Достоверность, с другой стороны, прикрепляется в высшей степени к определенным убеждениям, которые, по природе дела, «неспособны к доказательству», то есть к тестированию. Никакое убеждение не является более достоверным для всех людей, чем убеждение, что они все умрут, хотя событие, постулируемое как будущее, не может как таковое быть «протестировано». В этом случае коннотация слова «доказательство», тем не менее, по общему согласию переносится на концепцию смертности: неизменное умирание всех предыдущих людей допускается как «доказательство», или решающее свидетельство, что все живущие люди умрут до последнего поколения. В отношении некоторых других достоверностей концепция «доказательства» полностью нерелевантна.
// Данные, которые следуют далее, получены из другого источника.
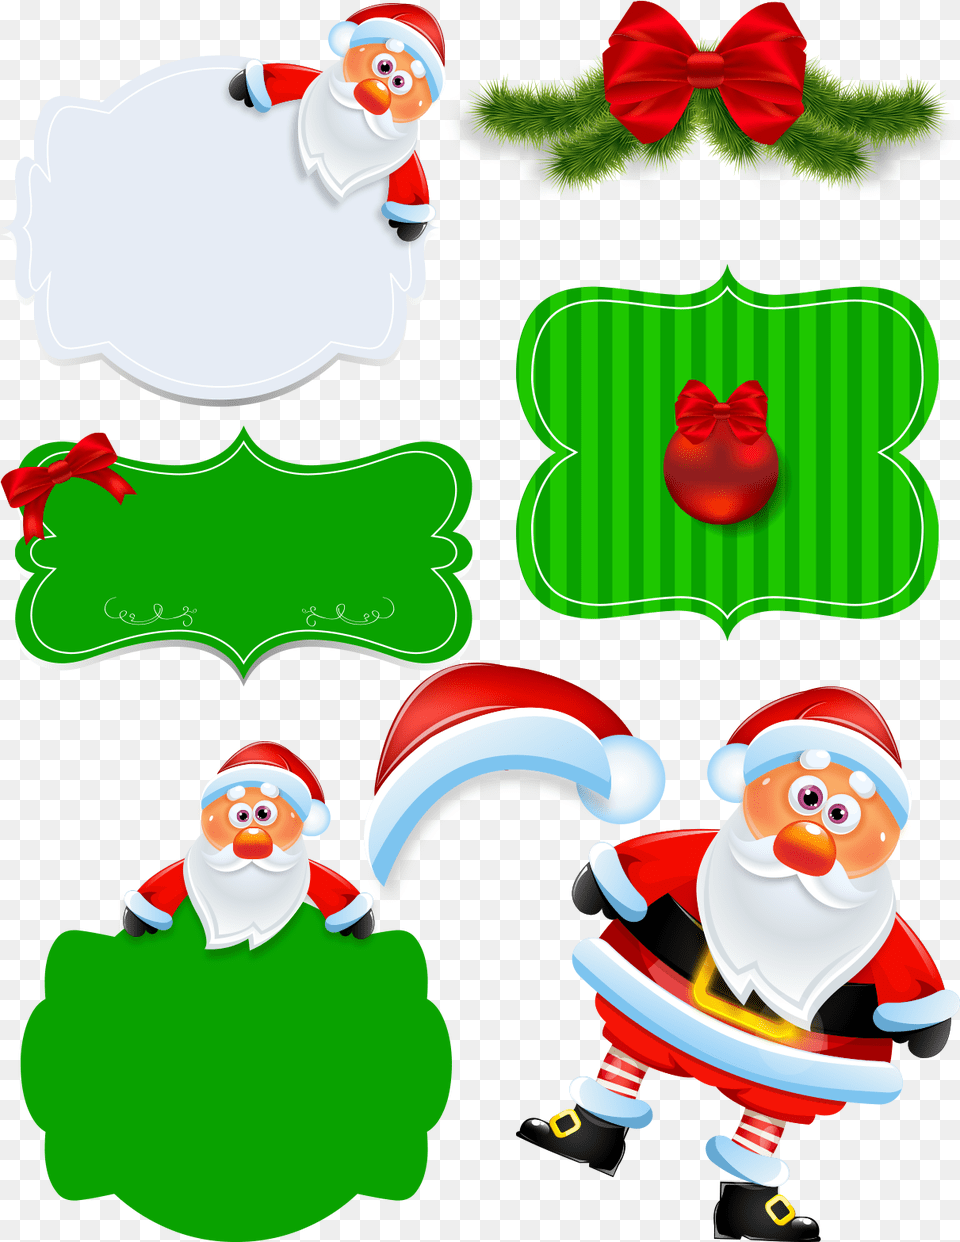 Enfeites Para O Natal Com Fundo Transparente Em Papai Noel Com Placa, Outdoors, Winter, Baby, Nature Free Transparent Png
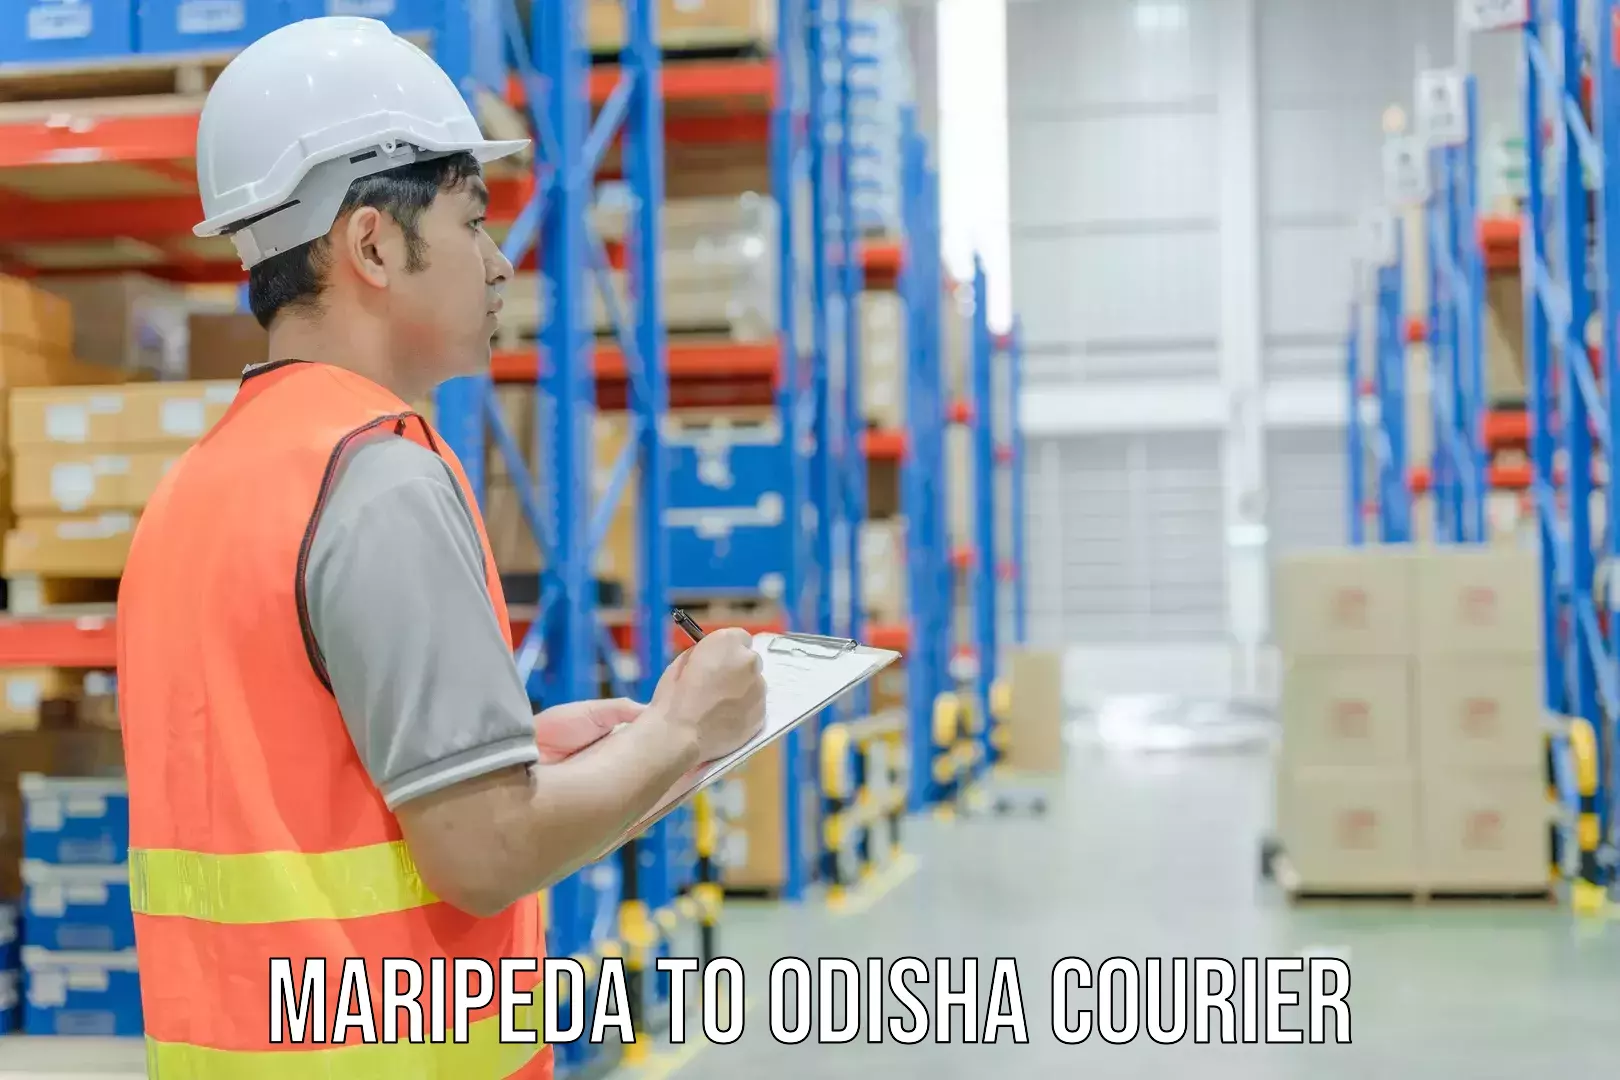 Courier service comparison in Maripeda to Pipili

Вы не можете «доказать», что чувствуете боль, хотя это один из самых достоверных из всех фактов для вас, пока он длится. Если, следовательно, любое общее научное или иное убеждение показано как «неспособное к доказательству», в этом чисто негативном смысле (в отличие от «способного к опровержению»), это не является аргументом против него для любой практической или философской цели. Такое убеждение — это вера в «единообразие природы», которая удерживается на том же основании, что и вера в смертность всех людей. Она не может быть «доказана», ни в отношении прошлого, ни будущего, в смысле тестирования, за исключением прошлых частностей, которые обязательно являются небольшой выборкой из совокупности явлений. Для будущего, в данных условиях, не может быть доказательства. Тем не менее ни у кого нет большего сомнения относительно восхода солнца завтра, чем относительно его собственной окончательной смерти. Относительно этого мы вполне уверены, чего не можем быть относительно многих вещей, разумно считающихся «доказанными». Таковы наши «достоверности».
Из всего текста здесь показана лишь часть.